# An Intro to Python

The cell below is a line of python code. To run it, select the cell (it will turn blue). Then, either press the triangle button towards the top of your screen or press shift + enter on your keyboard.

In [1]:
print("Hello World")

Hello World


##### Note
print() is a function used to display its input. We will talk more about functions in a later section

## Python Basics and Data Types

### Common Python Data Types

Python provides several built-in data types for storing and working with data. Below are some of the most commonly used ones.

**`int` (Integer)**  
Represents whole numbers. Integers can be positive, negative, or zero and are commonly used for counting or indexing.
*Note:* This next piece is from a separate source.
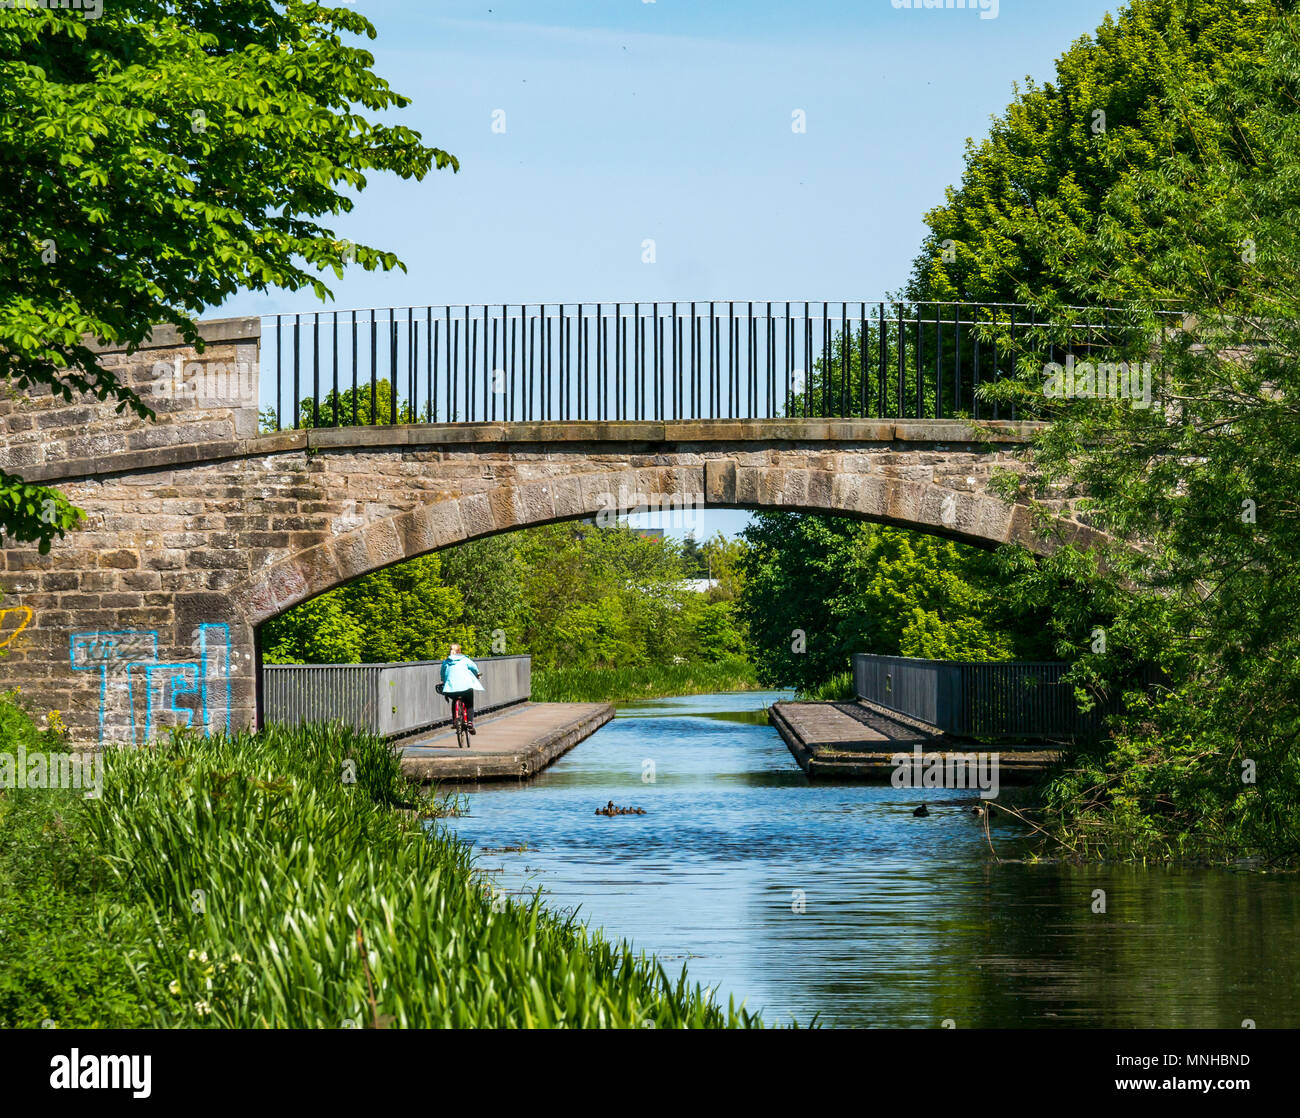 Union canal, Édimbourg, Écosse, Royaume-Uni, 17 mai 2018. Un cycliste sur le chemin du canal sur une journée ensoleillée et une femelle Canard colvert avec une couvée de canetons dans le canal 7 Banque D'Images

**`float` (Floating-Point Number)**  
Represents numbers that contain a decimal point.

**`bool` (Boolean)**  
Represents one of two values: `True` or `False`.

**`str` (String)**  
Represents text data. Strings are sequences of characters and are enclosed in quotation marks.

**`list`**  
An ordered collection of items. Lists can contain elements of different data types and can be modified after creation.

**`set`**  
An unordered collection of unique items. Sets automatically remove duplicate values and are useful when uniqueness matters or when performing mathematical set operations.

**`dict` (Dictionary)**  
A collection of key–value pairs. Dictionaries are used to store data in a structured way, allowing values to be accessed using meaningful keys rather than numeric positions.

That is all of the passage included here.